We demonstrate that mobile whole slide imaging (WSI) is non-inferior to conventional glass slide microscopy (GSM) for the primary diagnosis of malignant infiltration of lymph node specimens. Our results further provide proof of concept that mobile WSI can be adapted to resource-restricted settings for primary surgical pathology and would significantly improve patient outcomes.
利用高通量静态全切片图像扫描仪的远程病理学旨在应对资源受限环境中病理服务有限的挑战。然而,高昂的设备成本、复杂的技术以及设置设备所需的大量空间使得其在资源有限的环境中使用不切实际。在此,我们旨在通过使用来自撒哈拉以南非洲疑似淋巴瘤病例的淋巴结活检样本,将便携式全切片成像(WSI)设备与玻璃切片显微镜检查(GSM)进行验证,以应对这一挑战。

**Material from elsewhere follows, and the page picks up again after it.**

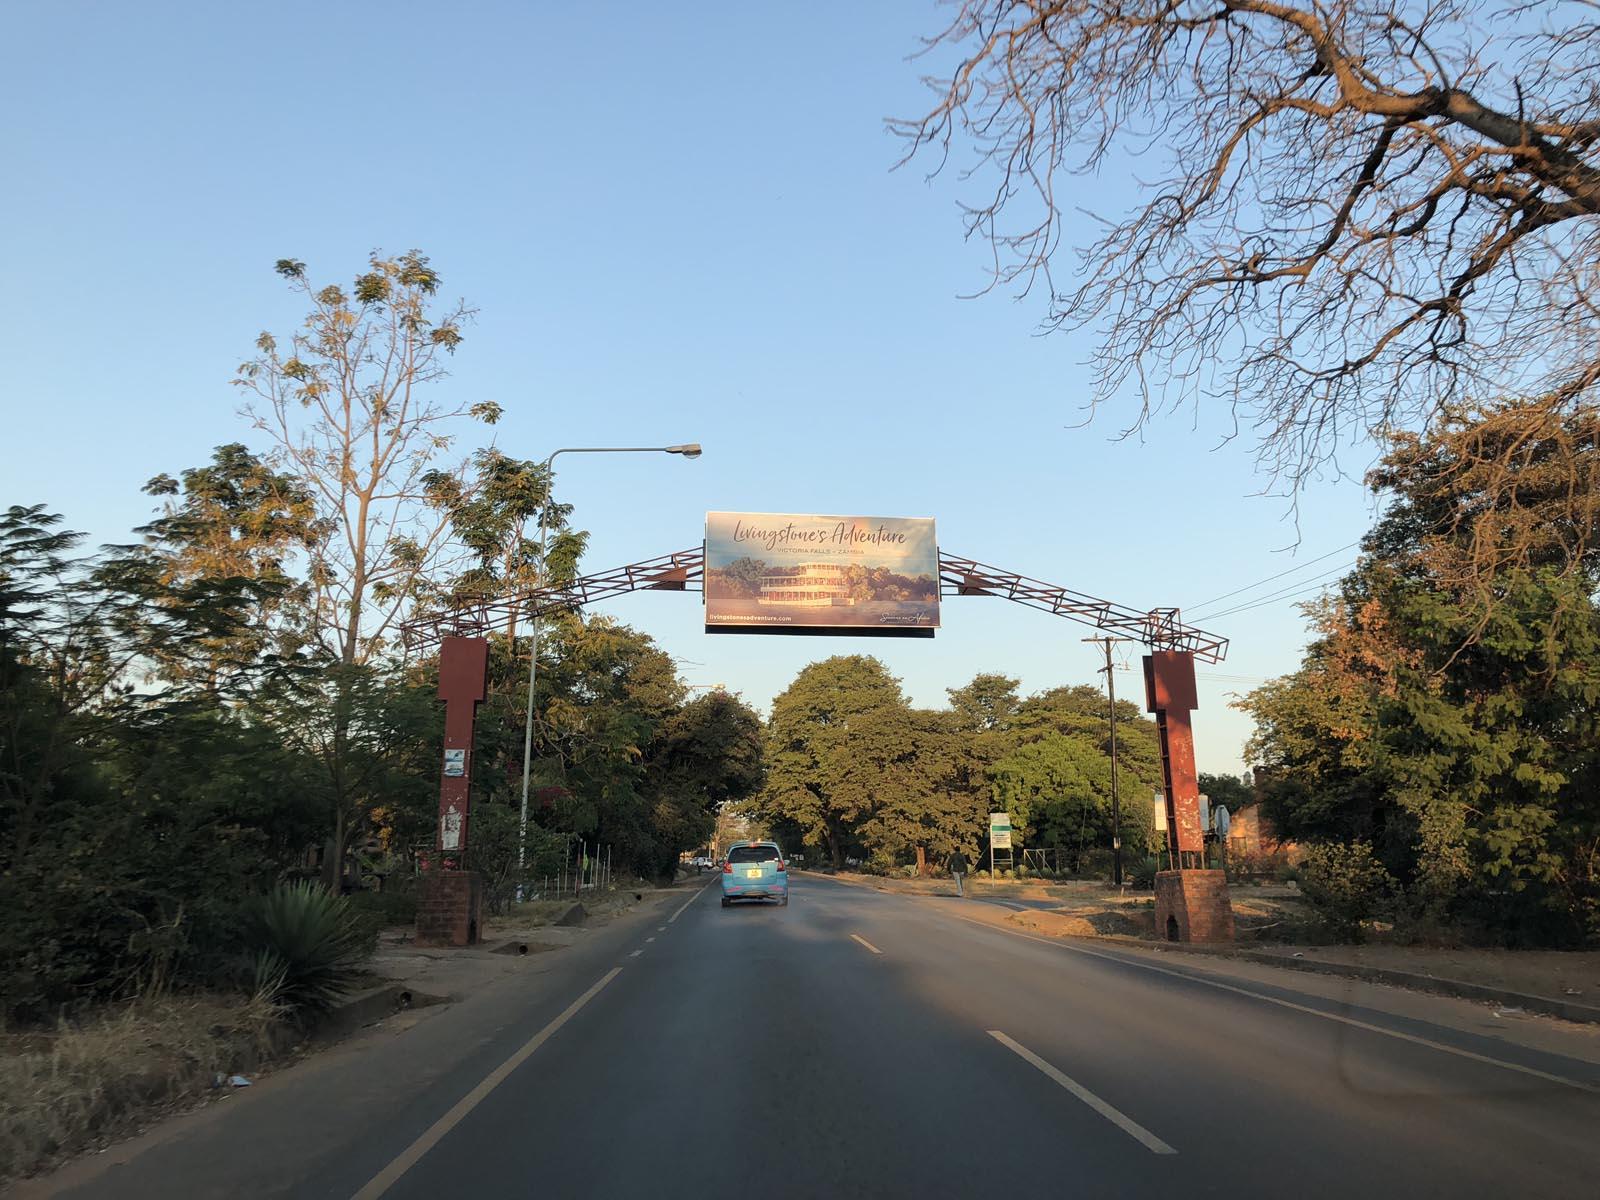 zambia (4)

这是一项多中心前瞻性病例对照的液体活检与传统病理学的直接比较研究的一部分。对于便携式WSI扫描仪的验证,研究病理学家评估了2021年2月至12月期间最初经金标准病理学确诊的105份手术切除的淋巴结标本。组织由训练有素的组织技术人员按照苏木精和伊红(H&E)以及免疫组织化学(IHC)染色的标准方案进行处理,然后在每个中心对H&E和IHC切片进行数字化处理。组织技术人员对数字图像进行匿名处理并上传至符合HIPAA标准的服务器。三名研究病理学家在经过6周的洗脱期后独立访问并审查这些图像。使用科恩kappa系数(κ)描述并测量病理学家在GSM和WSI上做出的诊断之间的一致性。
在GSM上,65.5%(n = 84)的标本为淋巴瘤;25%被分类为良性,而9.5%为转移性。对GSM和WSI的形态学质量评估表明,分别有79.8%和53.6%的病例质量较高。当将GSM的诊断与WSI进行比较时,淋巴瘤、转移瘤和良性病变的各种诊断类别的总体一致性分别为93%、100%和86%。WSI检测淋巴瘤的敏感性和特异性分别为95.2%和85.7%,观察者间总体一致性(κ)为0.86;95%置信区间(0.70 - 0.95)。
我们证明,移动全切片成像(WSI)在淋巴结标本恶性浸润的初步诊断方面不劣于传统玻璃切片显微镜检查(GSM)。我们的结果进一步提供了概念验证,即移动WSI可适用于资源受限环境中的初级手术病理学,并将显著改善患者预后。